– Ты потише… потише… А то решит, что убивать сейчас начнешь, – усмехнулся Данил. Он уже оправился от неожиданности и теперь откровенно посмеивался. А кроме того – испытывал некое чувство превосходства над этим человеком. Странно было смотреть на него и знать, когда и как он умрет, какая судьба его ожидает. Бабка Ванга, да и только…
– Ты чего улыбаешься? – прошипела Юка. – Они же рабами торгуют! Как этот… Керимов!
– Кстати, может от него и возят, – ответил Добрынин, которому эта мысль вот только что вскочила в голову. – Вернее – возил. Керимова нет – рабов нет. Но он еще каналы найдет, не сомневайся.
– Так что тут веселого?
– А я просто знаю, как он закончит, – наклонившись к девушке, сказал Данил. – Мы же этот караван и раздавим. И не далее как через три года, в тридцатом. А самого Барыгу китаец Ван Ли убьет летом тридцать третьего. Километрах в семистах к северу отсюда. Вот название поселка, увы, не помню…

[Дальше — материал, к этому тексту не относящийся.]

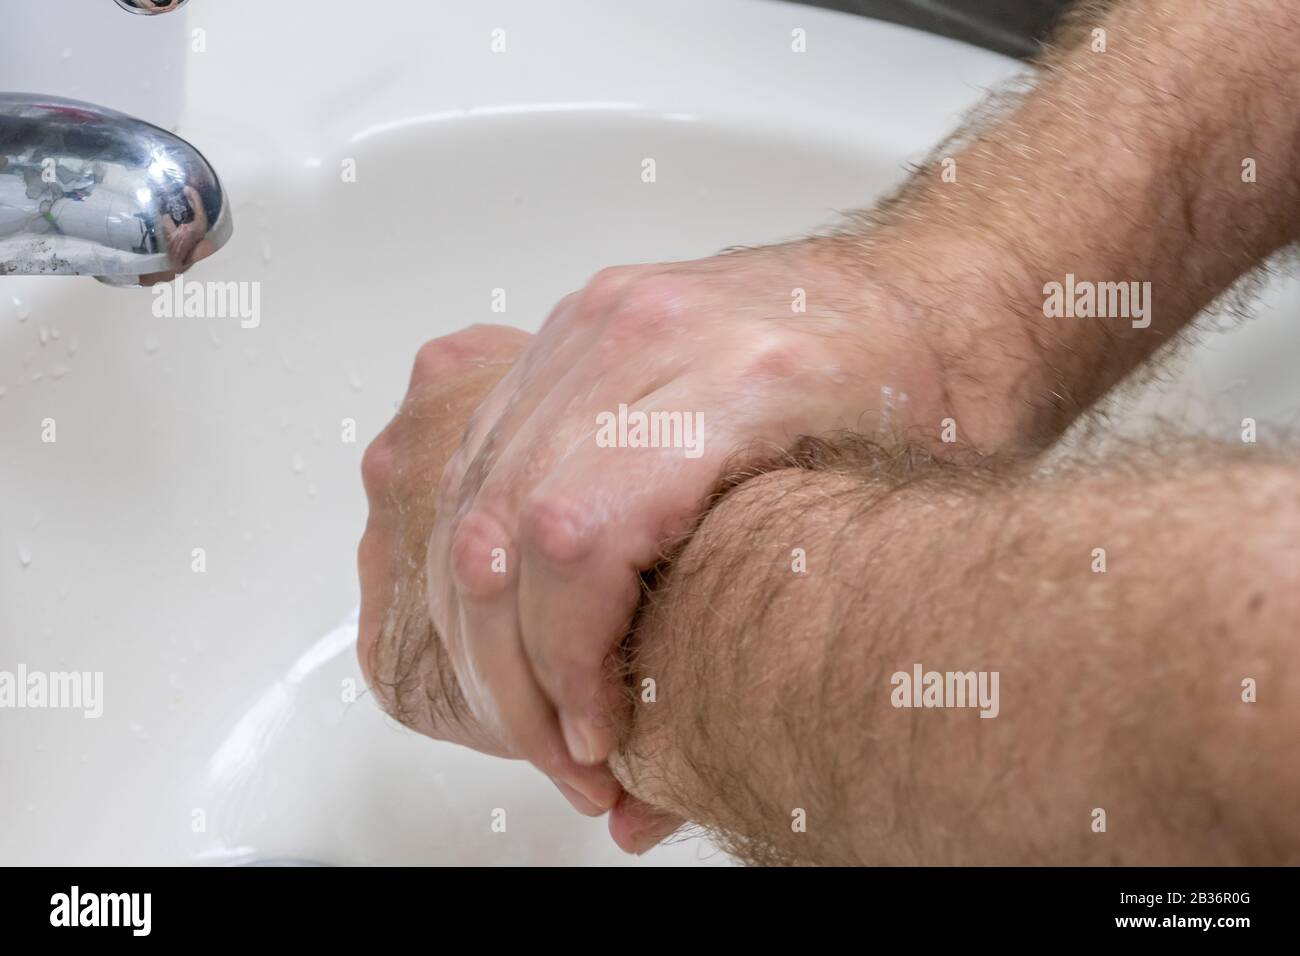 Uomo lavando le mani in primo piano lavabo, uno di diversi in serie handwashing steps Foto Stock

Юка с каким-то священным восторгом посмотрела на него.
– То есть ты это действительно знаешь?..
– Я знаю, потому что сделал это сам, – кивнул Данил. И усмехнулся: – Ну и как тебе, с провидцем жить?
Юка поежилась:
– Нет… я знаю, конечно, откуда ты взялся – но чтоб вот так… Как-то странно все получается…
– Река времени, – пожал плечами Данил. – Я-то привыкший – но тоже нет-нет, да и кинет в дрожь…
– А не можем мы его сейчас сами… – задумчиво произнесла она, поглядывая на торгаша. – Ну… того…
– Не можем, – отрубил Данил.
– Почему?! За три года он дел-то еще каких наворотит!
– Категорически нельзя. Убьем Барыгу – изменим течение времени и события. Он не приедет в Сердобск, а значит, в Убежище не появится оружие и патроны, не привезет китайца, не будет первого боевого крещения у Даньки-младшего… Да мало ли чего еще не случится – или случится не так, как должно. Мы сейчас с этого Барыги, как ни странно, должны пылинки сдувать, – ухмыльнулся Добрынин. – А ты говоришь – того… Даже и думать не смей.
Юка вздохнула, но вопросов больше не задавала.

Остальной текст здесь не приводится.